▶ _ASSIGNED TASK_:
Leave the pictures in the listing below aside and reproduce exactly the lines starting with the one with "Head of Business" and going on through the one with "A Butte, Montana", both ends included.

++++ EXTRACTED ENTRIES

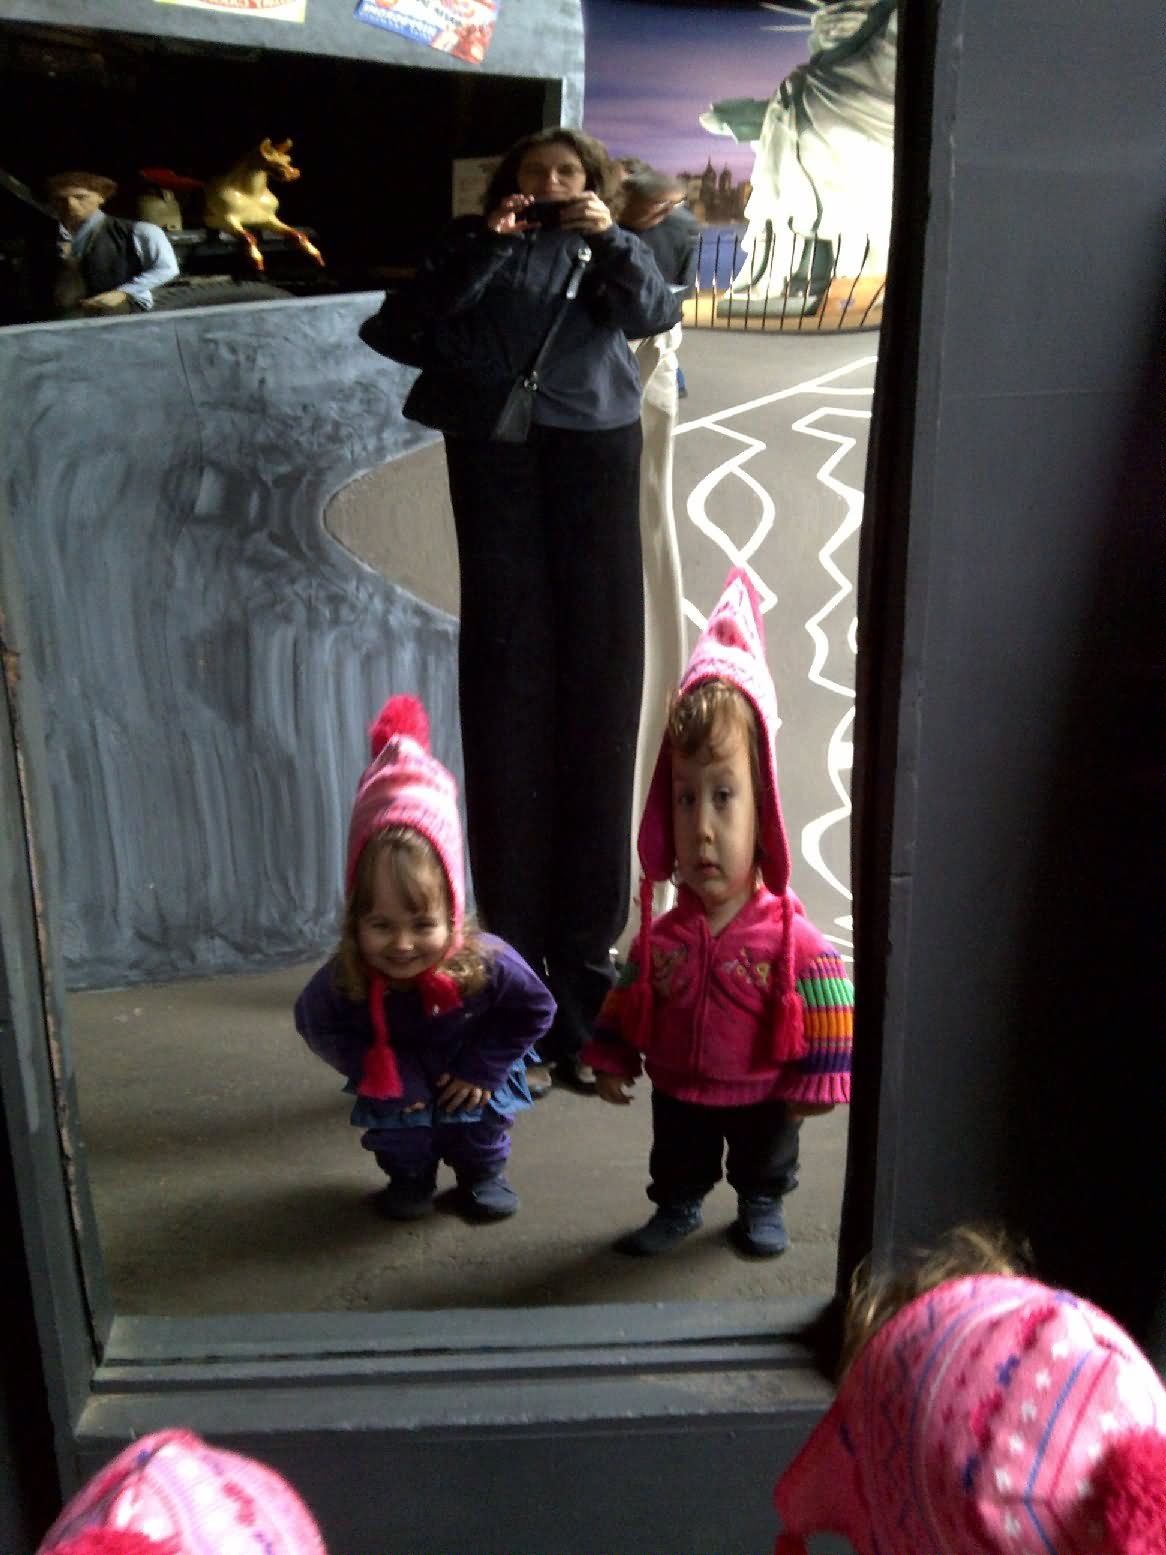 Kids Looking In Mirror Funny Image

++++++++
++++ EXTRACTED ENTRIES

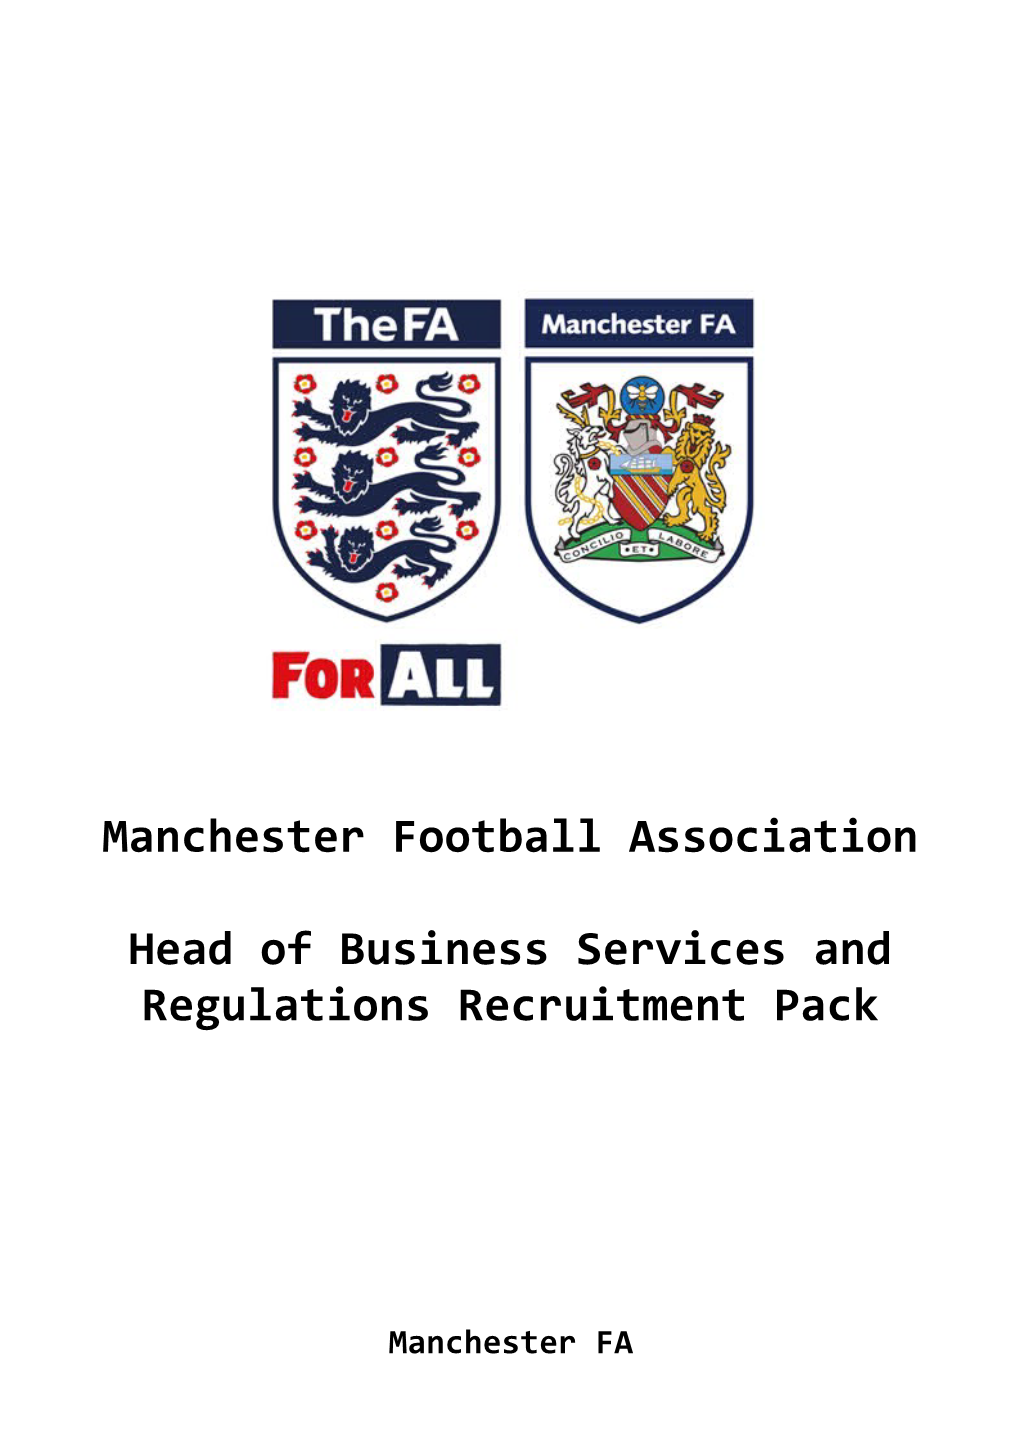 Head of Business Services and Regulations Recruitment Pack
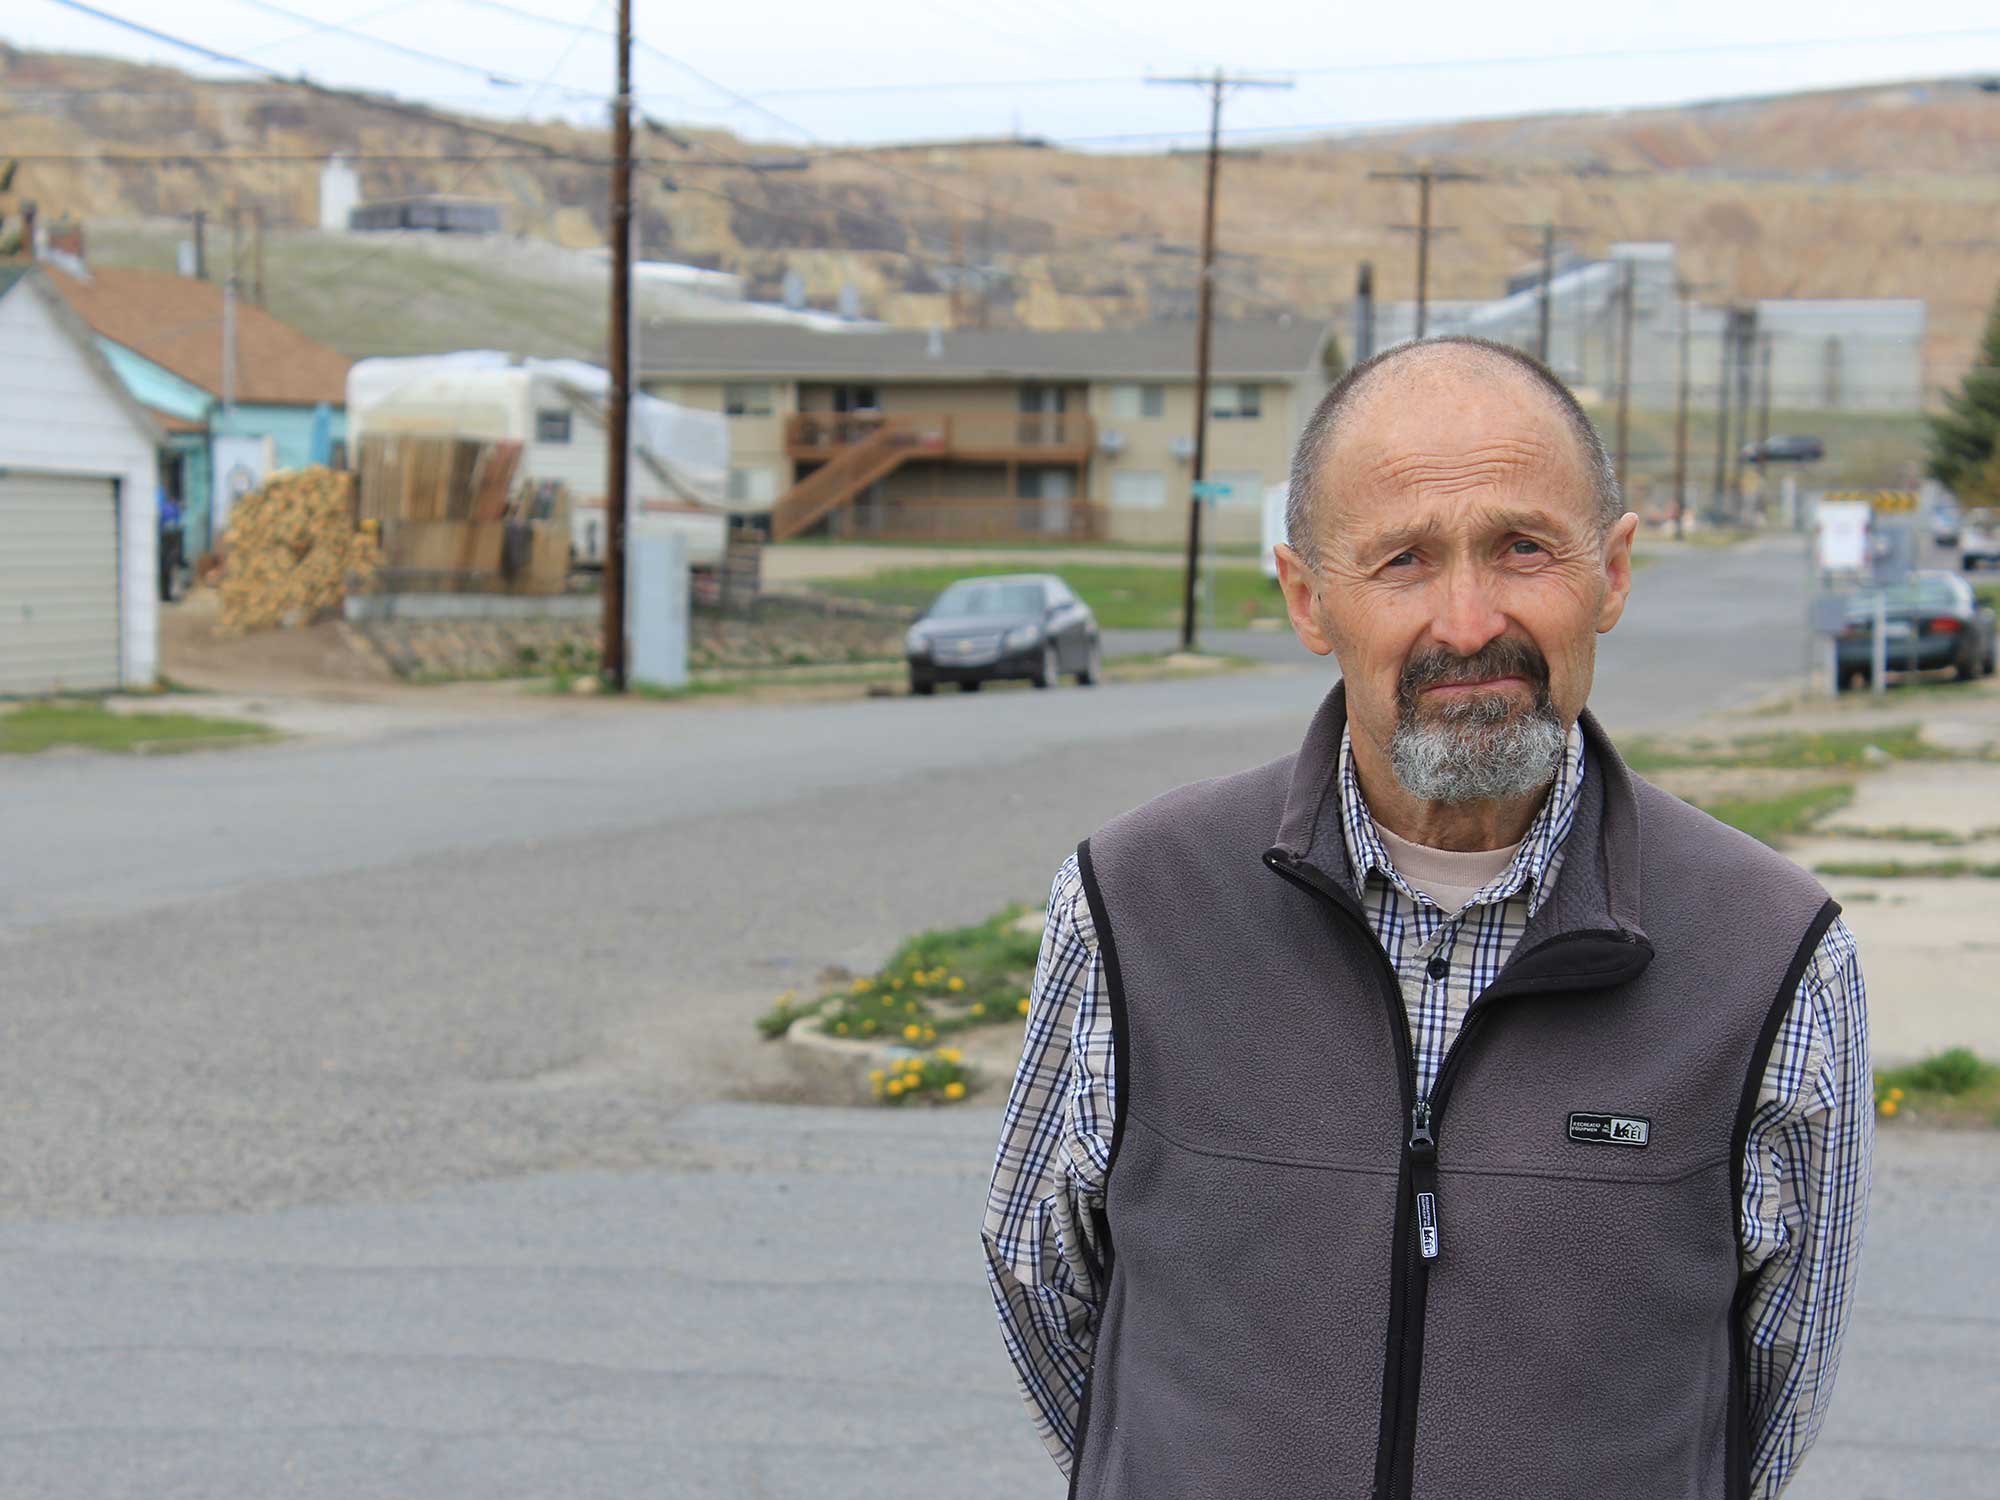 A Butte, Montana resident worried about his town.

++++++++

▶ _RESULT FOR THIS TASK_:
 Head of Business Services and Regulations Recruitment Pack
 A Butte, Montana resident worried about his town.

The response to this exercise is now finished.